The trained model was tested on a test dataset of 120 images of cars. The 120 images had 272 instances of class 'car', out of which 220 were detected as 'True Positive', 26 as 'False Positive', and 26 as "False Negative".

For each class (here there is just one class car) the neural network detection results were sorted by decreasing confidence scores and are assigned to ground-truth objects. It was judged to be true or false positives by measuring bounding box overlap. To be considered a correct detection, the area of overlap between the predicted bounding box
and ground truth bounding box must exceed 50%. Detections output were assigned to ground
truth object annotations satisfying the overlap criterion in order ranked by the (decreasing) confidence output. Object detected and matched to ground-truth is considered as True Positive (TP), Object detected but did not match ground-truth is False Positive (FP). Ground truth objects with no matching detection are False Negatives (FN). In the case of multiple detections of the same object, only one is set as a correct detection and the repeated ones are set as false detections.

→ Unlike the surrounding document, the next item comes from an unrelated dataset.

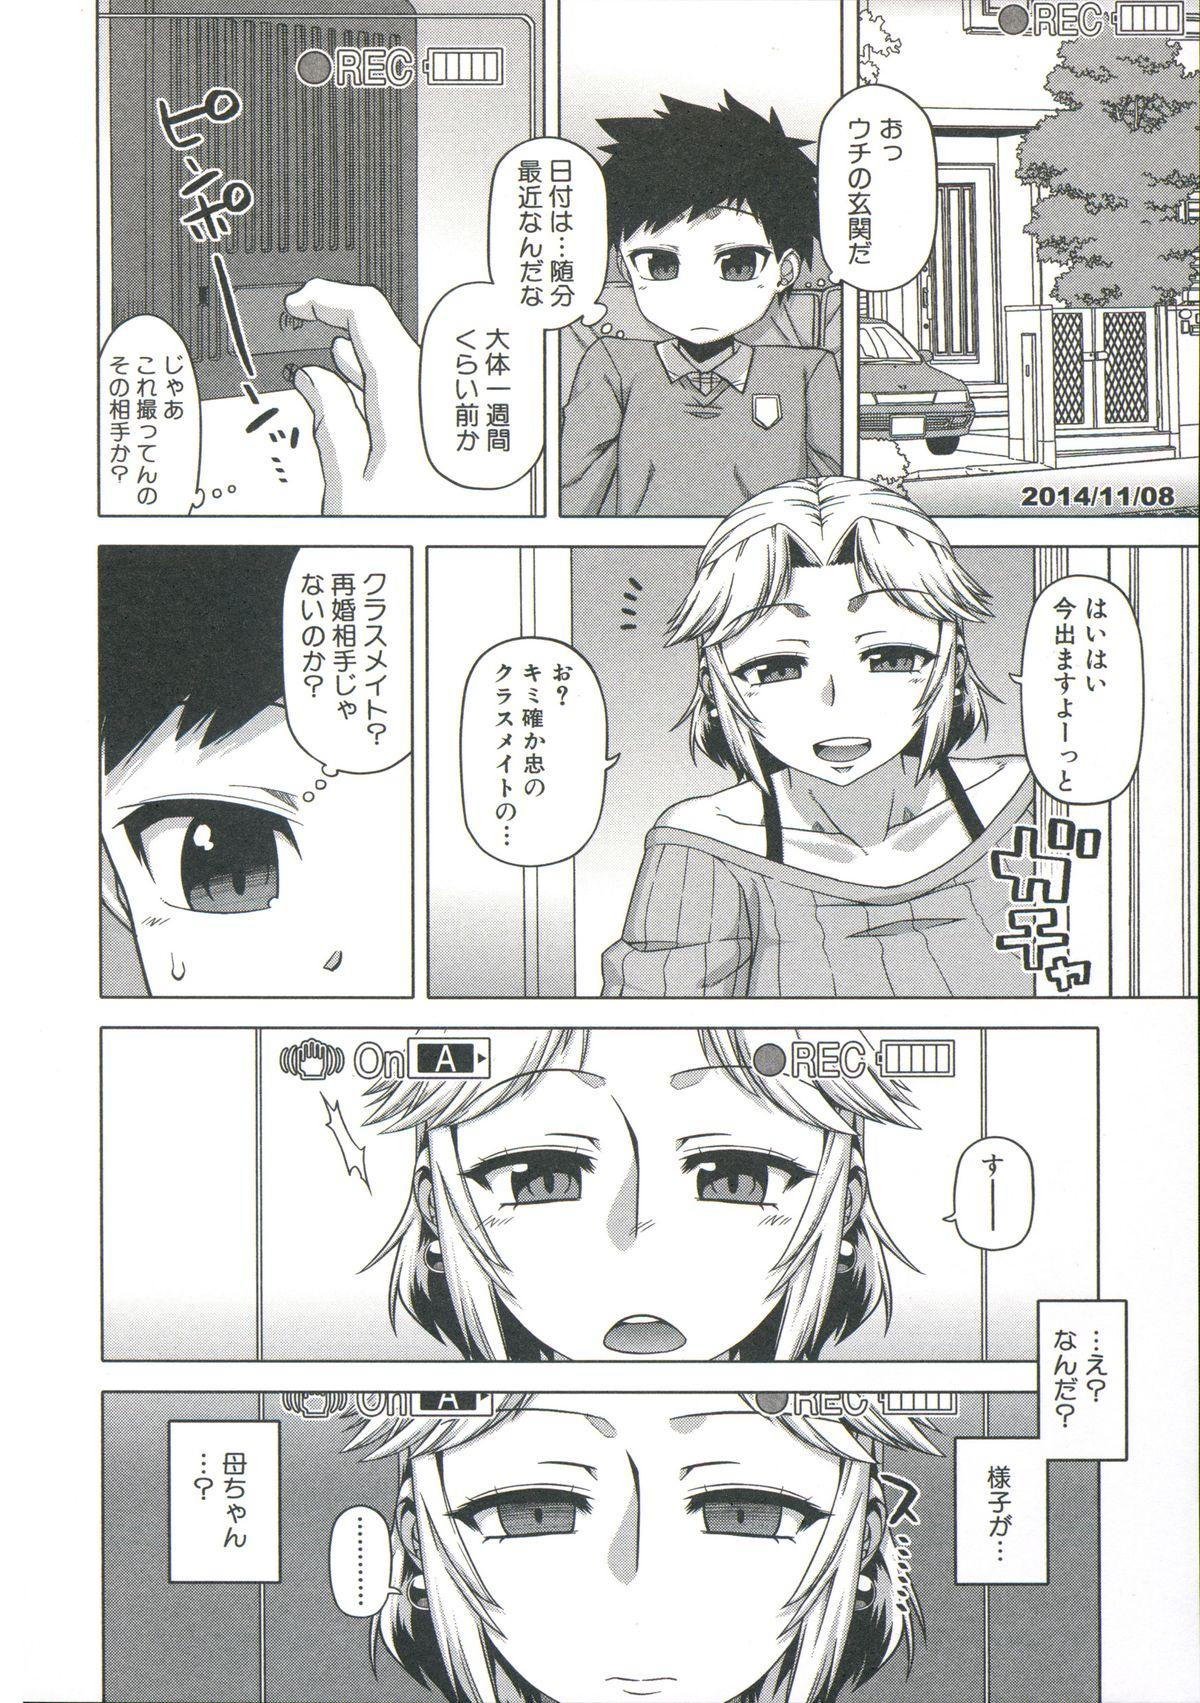 [Takatsu] Ou-sama Appli - King App 76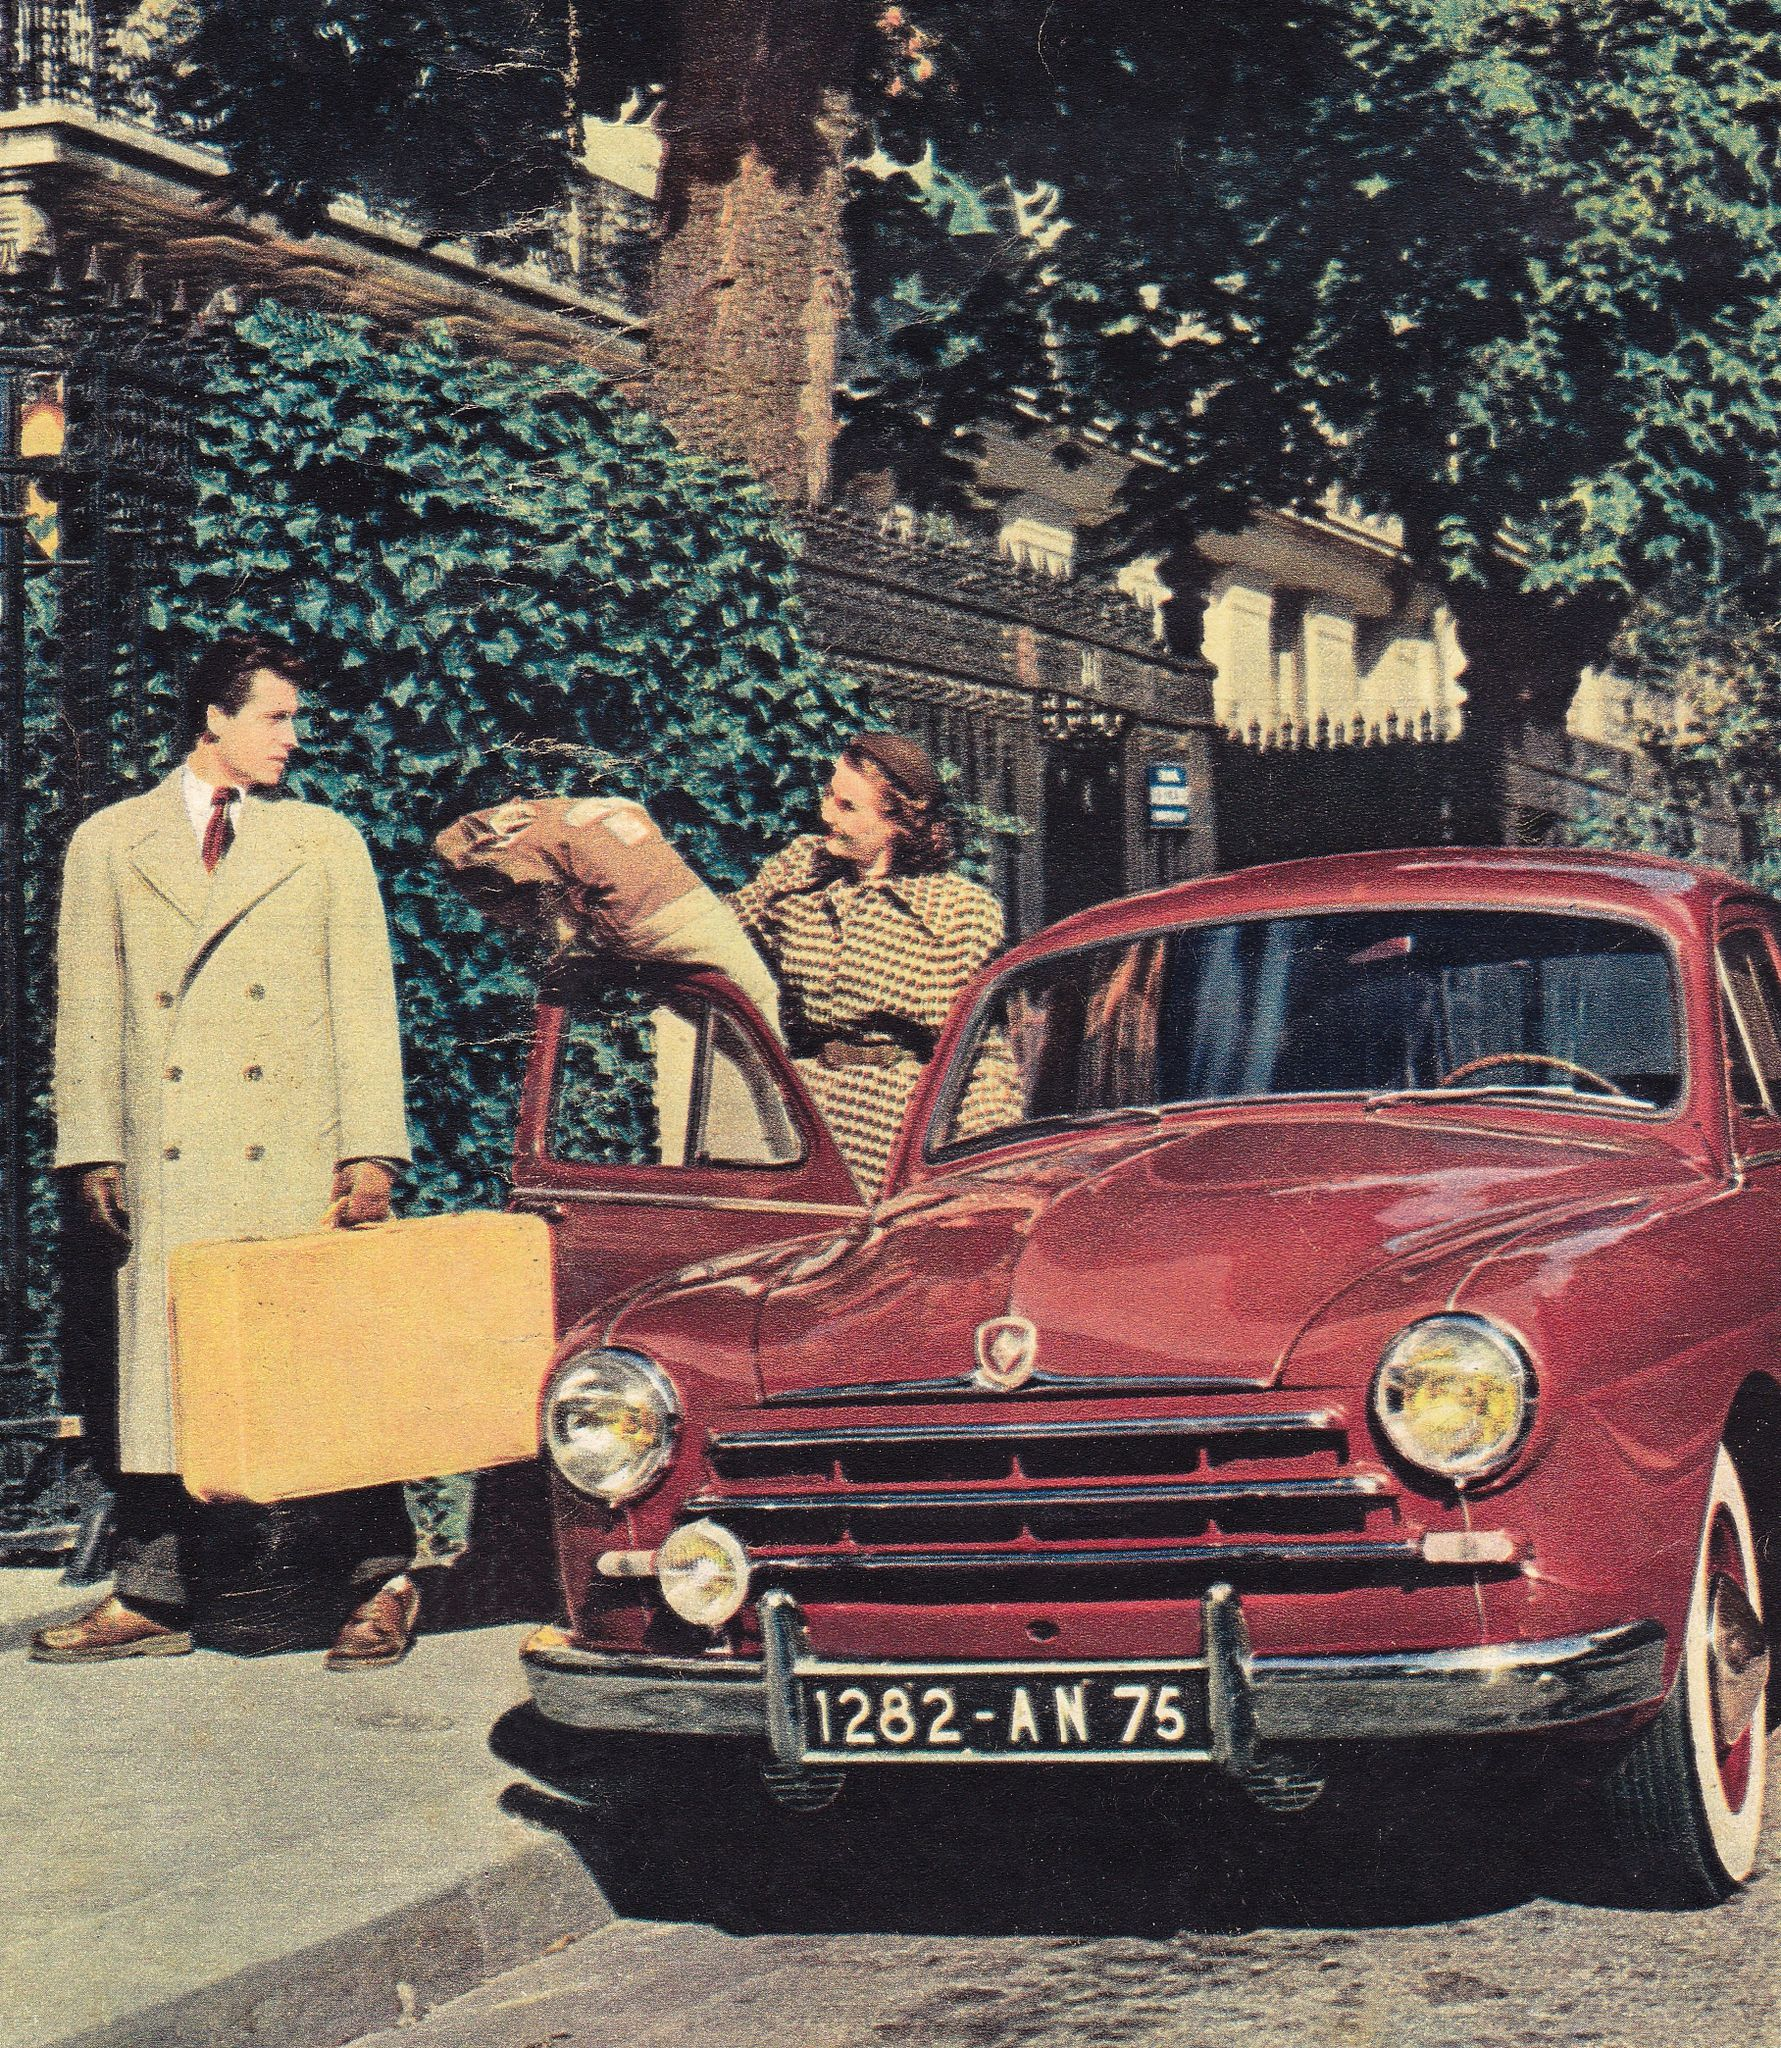 Renault fr gate vintage bikesvintage carsfrenchclassic carshtml

Using the above criteria the precision-recall curve was plotted. Then a version of the measured precision/recall curve with precision monotonically decreasing was plotted by setting the precision for recall 'r' to the maximum precision obtained for any recall r' > r. Finally, we compute the Average Precision (AP) as the area under the precision-recall curve (shown in light blue) in the above figure.

[AntonMu]

Ok. That sounds reasonable for your use case. You are basically treating a object detection problem as a classification problem. Essentially you are capturing one aspects of the model (the classification) with your metric but ignore the aspect of detecting objects accurately. Hope that makes sense.

[anjanaouseph]

Hi @AntonMu, I actually followed your steps and trained the detector to detect cars and draw bounding boxes around it in an image which is classification + localization. Now the detection results for each and every car in an image (the coordinates of the bounding box and the confidence scores) were saved in a text file. The ground-truth coordinates of each and every car in an image were also saved into a text file.
Now to evaluate the performance of YOLO I tried to find the Average Precision/Mean Average Precision by following this https://github.com/Cartucho/mAP which was suggested by you #63.

[AntonMu]

Ah Ok - cool. Yes, you are right. I was a bit thrown off by the single class. But it makes sense - if you only have a single class there is no mean to calculate. If you feel comfortable feel free to add a pull request to get that feature added to the repo. Thank you so much!

[anjanaouseph]

Yes, @AntonMu I hope the graph is not incorrect or anything. How can I add this as a feature? I went to that repo and followed the guidelines and ran his code.

[AntonMu]

Cool - yes. I think there are several options. One could be to add a description on the steps you did maybe under the 3_Inference section.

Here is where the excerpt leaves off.